# Ariens 6 speed gear tractor will not shift into reverse



## Rob13 (Mar 11, 2019)

Hello all, new here.
I have a Ariens 42" gear drive lawn tractor that will not shift into reverse. This all started with difficulty shifting into reverse. I would have to slam the shifter into reverse to engage.
Now I have no reverse at all.
Mower has less than 50 hours on it.
Original drive belt.
I can see not loose brackets or bolts.
Please advise on how to get reverse to work again.
Thanks in advance
rob13


----------



## sierrasam93614 (Oct 19, 2016)

sounds like shift fork came loose in the transaxle.


----------



## Rob13 (Mar 11, 2019)

Sierrasam,
Thanks for the info.

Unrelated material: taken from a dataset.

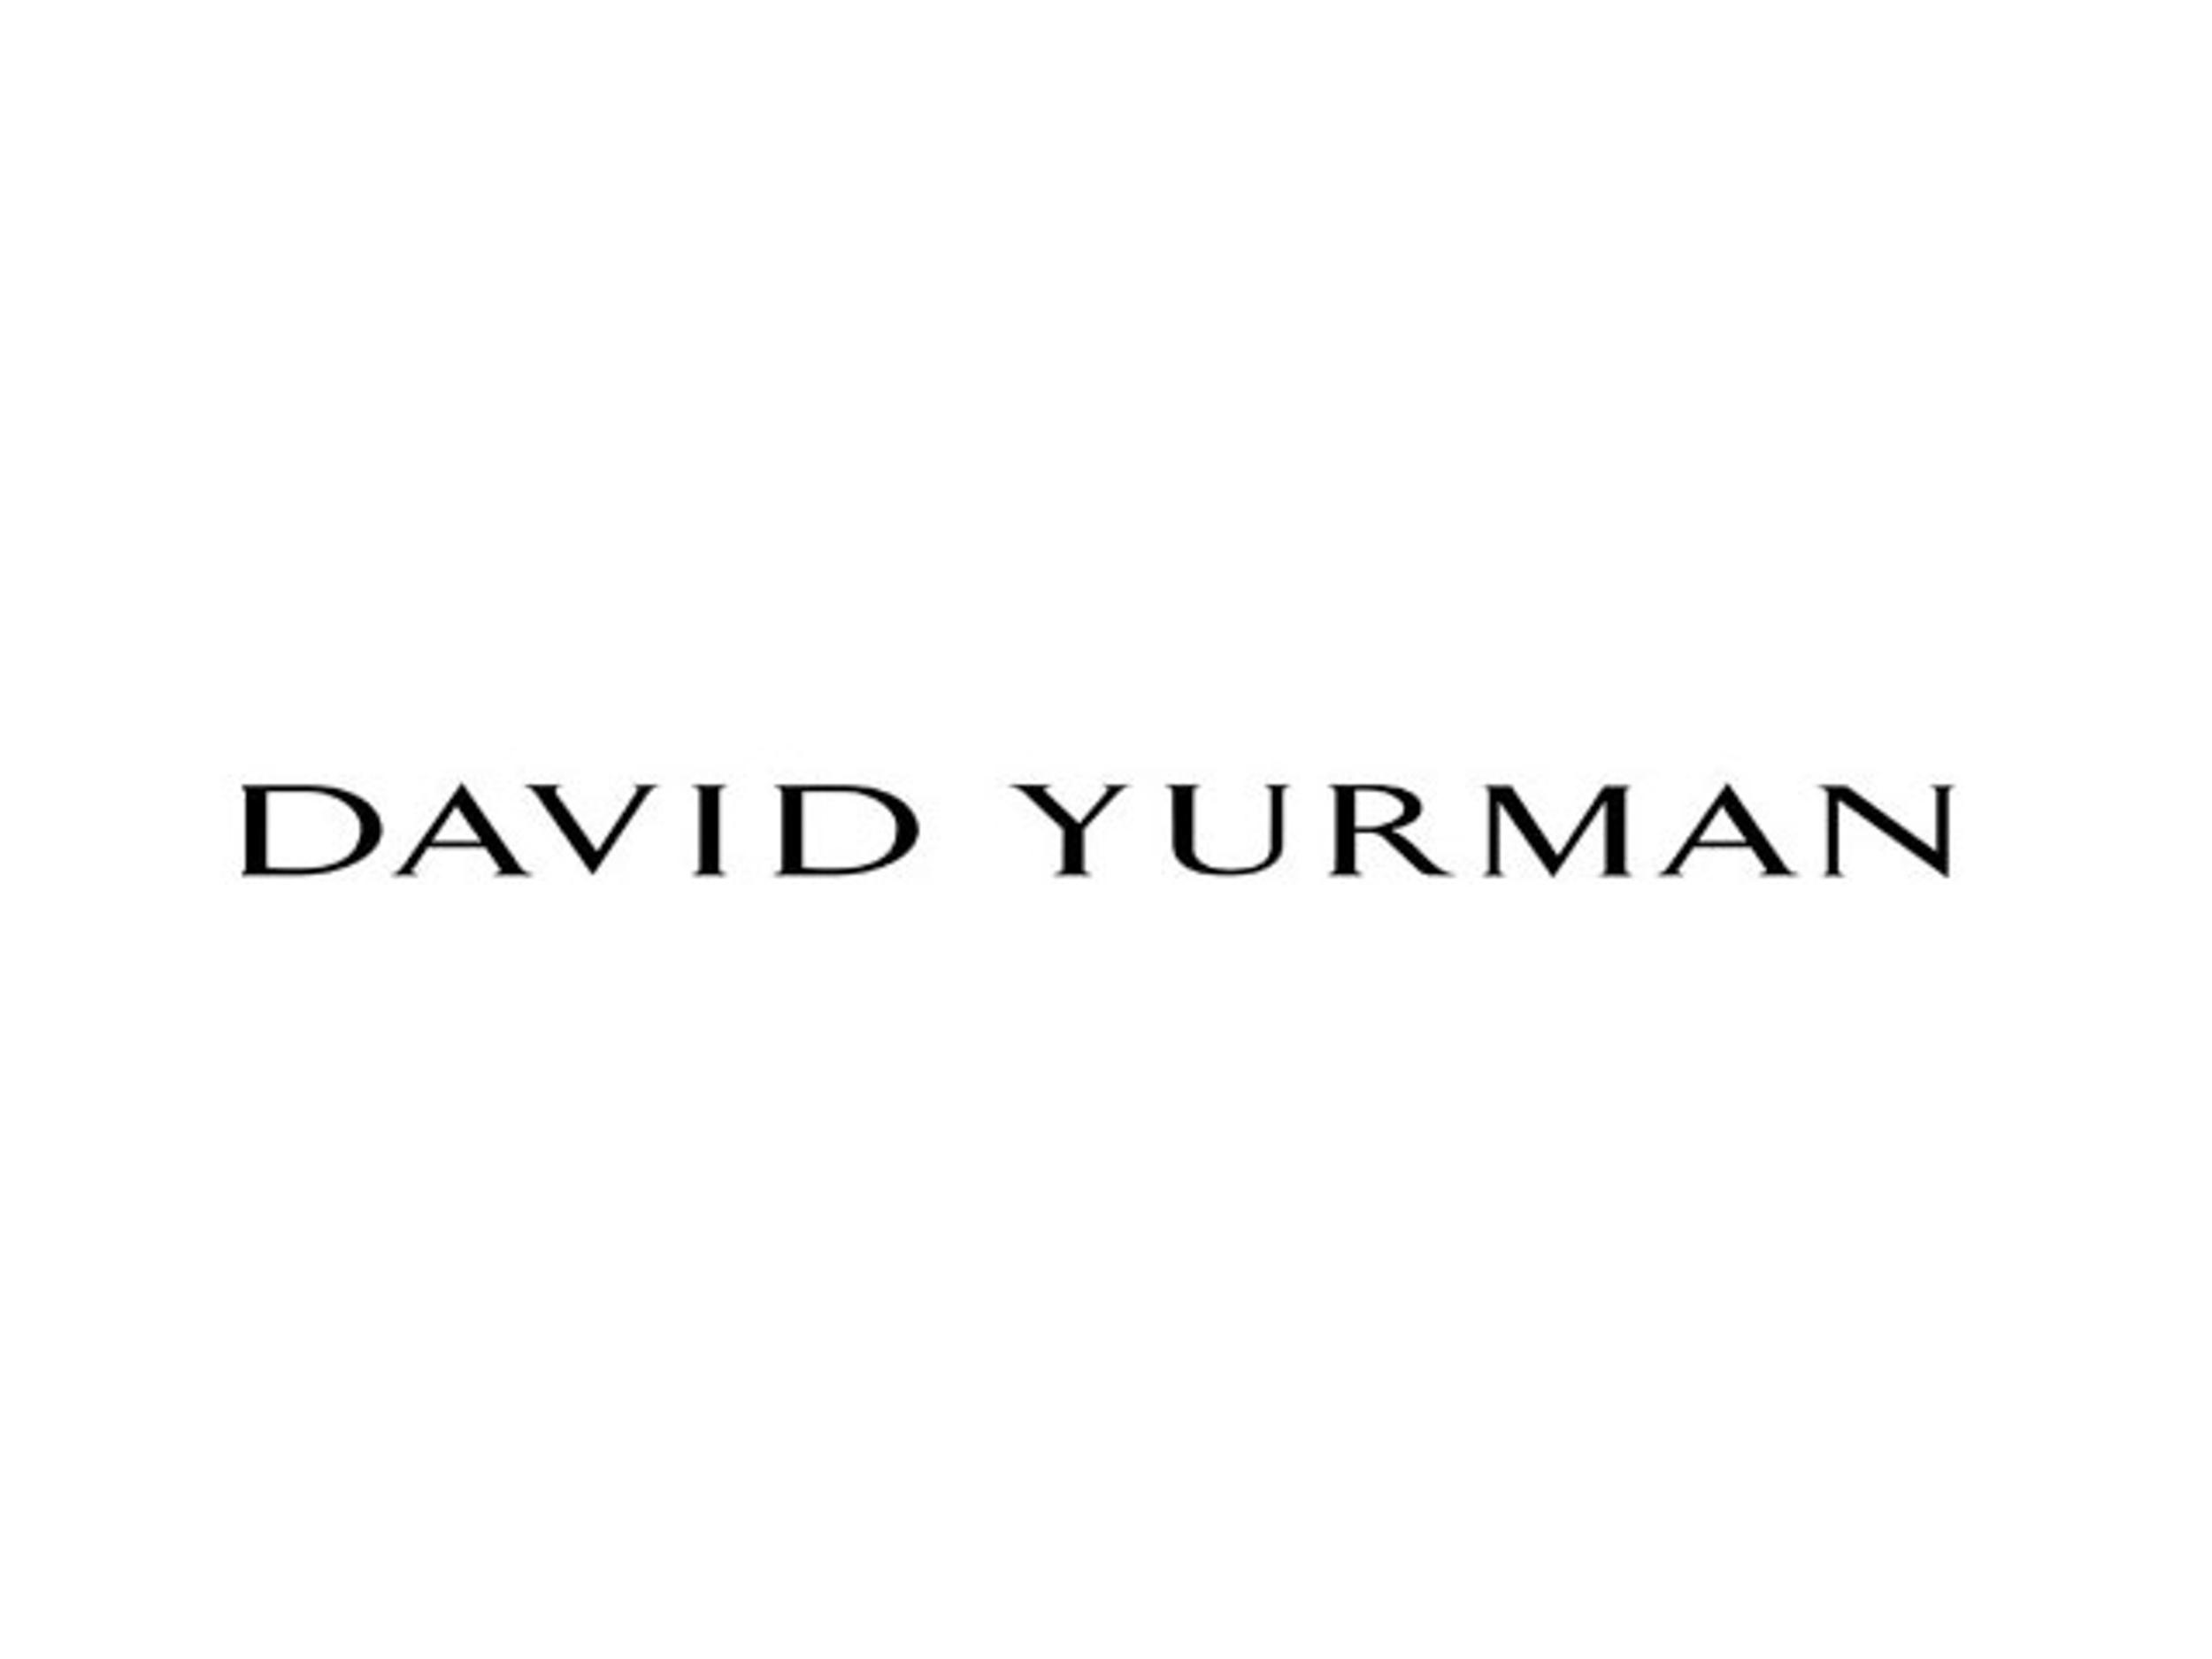 logo_yurman_cropped_med1-1.jpg

Do you have any idea where I can get a service manual for this transaxle?
It is a Peerless 206-545c.
Be Well
rob13


----------



## pogobill (Jan 31, 2012)

I may not be able to help, but if this is the MST200 series, this may help you out. 
https://www.tractorforum.com/manuals/categories/lawn-and-garden-tractors-equipment.15/?page=2
Last entry.


----------



## sierrasam93614 (Oct 19, 2016)

like pogobill said there is a peerless manual in the manual section check it out easy download


----------